Pour ceux qui serait passé à côté de la série : petite explication
Kaamelott s’inspire de la légende arthurienne, mais avec un ton décalé et très humain. Le roi Arthur y apparaît moins comme un héros parfait que comme un chef dépassé par la tâche, entouré de chevaliers souvent incompétents, dans un royaume en crise, entre la chute de l’Empire romain et les menaces barbares.
Le but de sa quête reste le Saint Graal, mais la série joue précisément sur l’écart entre la grandeur du mythe et la réalité beaucoup plus absurde de la cour. C’est ce mélange qui a fait le succès de l’œuvre d’Alexandre Astier, également interprète d’Arthur, roi de Bretagne.
Si tu découvres seulement cet univers, c’est aussi ce qui explique la richesse des projets dérivés : Kaamelott n’est pas qu’une série humoristique, c’est un monde entier, avec ses codes, ses tensions et ses figures mythiques.
FAQ
Qu’est-ce que Capsul Pop ?
Capsul Pop est une chaîne YouTube créée par Youri Gone pour partager sa passion de Kaamelott et de la culture populaire. Elle propose des informations, des commentaires et des actualités autour de la série.
Qui est Youri Gone ?
Youri Gone est un documentaliste qui travaille sur des productions indépendantes. Il est aussi fan de Kaamelott et porte un projet de web-série inspiré de cet univers.

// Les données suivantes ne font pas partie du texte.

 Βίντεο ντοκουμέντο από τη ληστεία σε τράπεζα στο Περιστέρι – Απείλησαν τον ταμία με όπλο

Quel est le projet de web-série de Youri Gone ?
Il s’agit d’une mini-série en huit épisodes inspirée de l’univers de Kaamelott. Le projet veut proposer une histoire originale, tournée en forêt de Brocéliande, sans copier la série d’Alexandre Astier.

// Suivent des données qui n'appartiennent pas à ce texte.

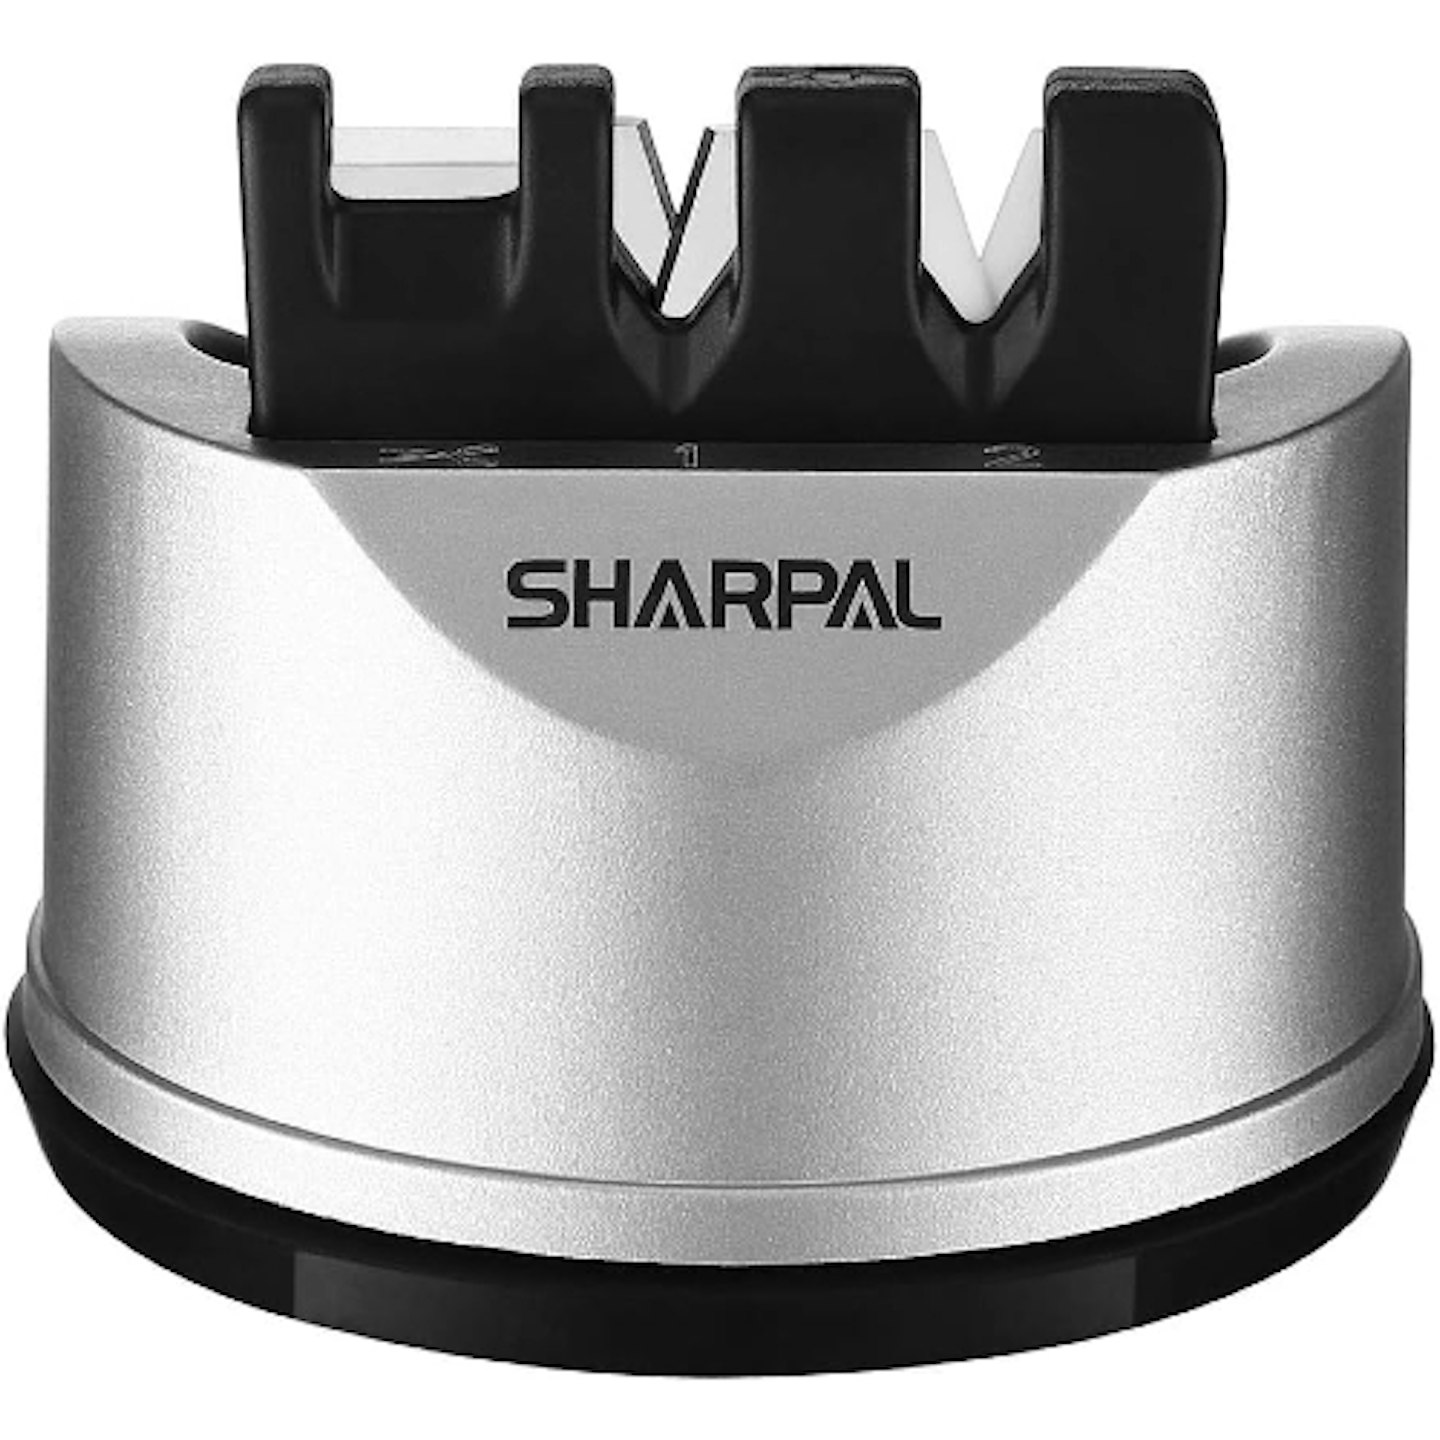 Sharpal sharpener

Quand le tournage doit-il commencer ?
Le tournage est annoncé pour démarrer dès le mois d’août et se poursuivre jusqu’en octobre. Il doit se dérouler en site naturel.
Où la mini-série sera-t-elle tournée ?
La mini-série doit être tournée en forêt de Brocéliande et en forêt de Paimpont. Ces lieux renforcent l’ambiance légendaire et arthurienne du projet.
Comment le projet est-il financé ?
Le projet est financé en partie par une levée de fonds sur Ulule. L’objectif est de réunir 10 500 euros pour les quatre premiers épisodes.
Alexandre Astier est-il au courant du projet ?
Youri Gone dit ne pas l’avoir contacté et ne pas vouloir le faire. Il estime qu’Alexandre Astier est occupé et que Kaamelott a déjà inspiré d’autres initiatives.
Des acteurs de Kaamelott participent-ils au projet ?
Oui, Bô Gaultier de Kermoal et Guillaume Briat sont annoncés parmi les participants. Ils doivent apparaître le temps d’un épisode dans de nouveaux rôles.